Aprenda sqlc em Go para gerar código type-safe a partir de SQL real: PostgreSQL, pgx, migrations, transações, testes e padrões de produção.

sqlc em Go resolve uma tensão comum em backends: você quer escrever SQL explícito, otimizado e fácil de revisar, mas também quer segurança de tipos, autocomplete, testes melhores e menos código repetitivo no repositório. Em vez de esconder o banco atrás de um ORM pesado, o sqlc lê suas queries SQL e gera código Go com structs, métodos e assinaturas coerentes com o schema.

Essa abordagem combina bem com a cultura Go: ferramentas simples, contratos explícitos e pouco runtime mágico. Você continua controlando índices, joins, transações, EXPLAIN, locks e migrations, mas ganha uma camada type-safe para chamar essas queries na aplicação. O resultado é especialmente útil em APIs, workers, backends financeiros, produtos B2B e sistemas que dependem de PostgreSQL de forma séria.

Este guia mostra quando usar sqlc, como organizar queries, como configurar com PostgreSQL e pgx, como pensar em transações e quais cuidados evitam dor em produção. Se você ainda está montando a base, leia também Go com PostgreSQL, migrations em Go para banco de dados e context.Context em Go.

O problema: SQL solto ou abstração demais

Em muitos projetos Go, o acesso ao banco começa com database/sql direto no handler ou no repositório:

row := db.QueryRowContext(ctx, `
    SELECT id, email, name
      FROM users
     WHERE id = $1
`, userID)

Isso é honesto e funciona. O problema aparece quando o projeto cresce. Você passa a repetir Scan, esquecer ordem de colunas, duplicar structs, descobrir erro de tipo só em runtime e fazer refactors sem apoio do compilador. Uma coluna muda de TEXT para UUID, uma query deixa de retornar um campo, um NULL aparece onde o Go esperava string, e a falha só surge no teste ou em produção.

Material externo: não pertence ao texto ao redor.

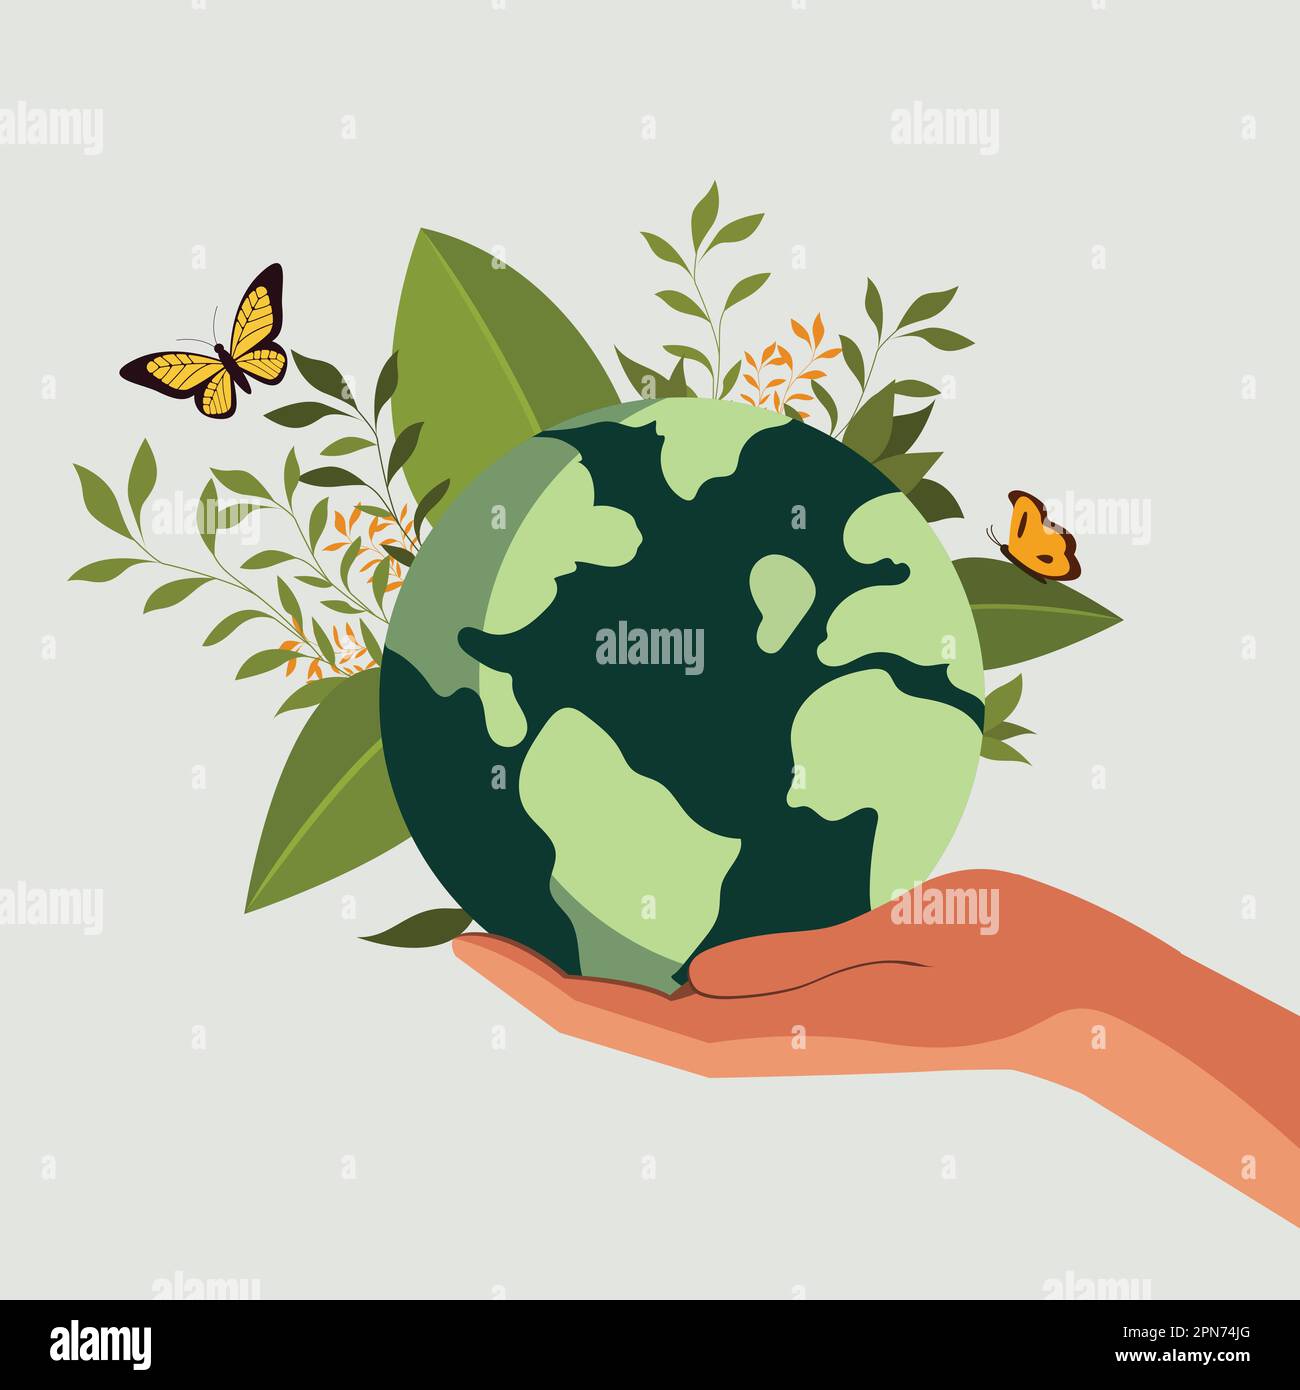 La main humaine protège le globe terrestre avec des feuilles, papillons sur fond gris. Illustration de Vecteur

No extremo oposto, alguns times colocam um ORM para evitar repetição. O ORM pode ajudar em CRUD simples, mas também pode esconder queries ruins, dificultar otimização, gerar SQL inesperado e criar uma camada de abstração que não conversa bem com recursos específicos do PostgreSQL.

O sqlc fica no meio: SQL continua sendo SQL. O código Go gerado vira uma fronteira tipada entre aplicação e banco.

Como o sqlc funciona

O fluxo básico tem três entradas:

  1. Arquivos de migration ou schema, com CREATE TABLE, índices, enums e constraints.
  2. Arquivos .sql com queries nomeadas.
  3. Um sqlc.yaml dizendo qual engine usar e onde gerar o pacote Go.

A partir disso, o sqlc valida as queries contra o schema e gera métodos Go. Uma query chamada GetUser vira algo como:

user, err := queries.GetUser(ctx, id)

Se a query espera uuid.UUID, a assinatura expõe isso. Se retorna colunas nullable, o tipo gerado reflete pgtype, sql.NullString ou o tipo configurado. Se você remove uma coluna usada por uma query, a geração falha antes do deploy.

Esse feedback curto é o maior ganho. O banco deixa de ser um contrato implícito espalhado em strings e passa a participar do ciclo normal de compilação e revisão.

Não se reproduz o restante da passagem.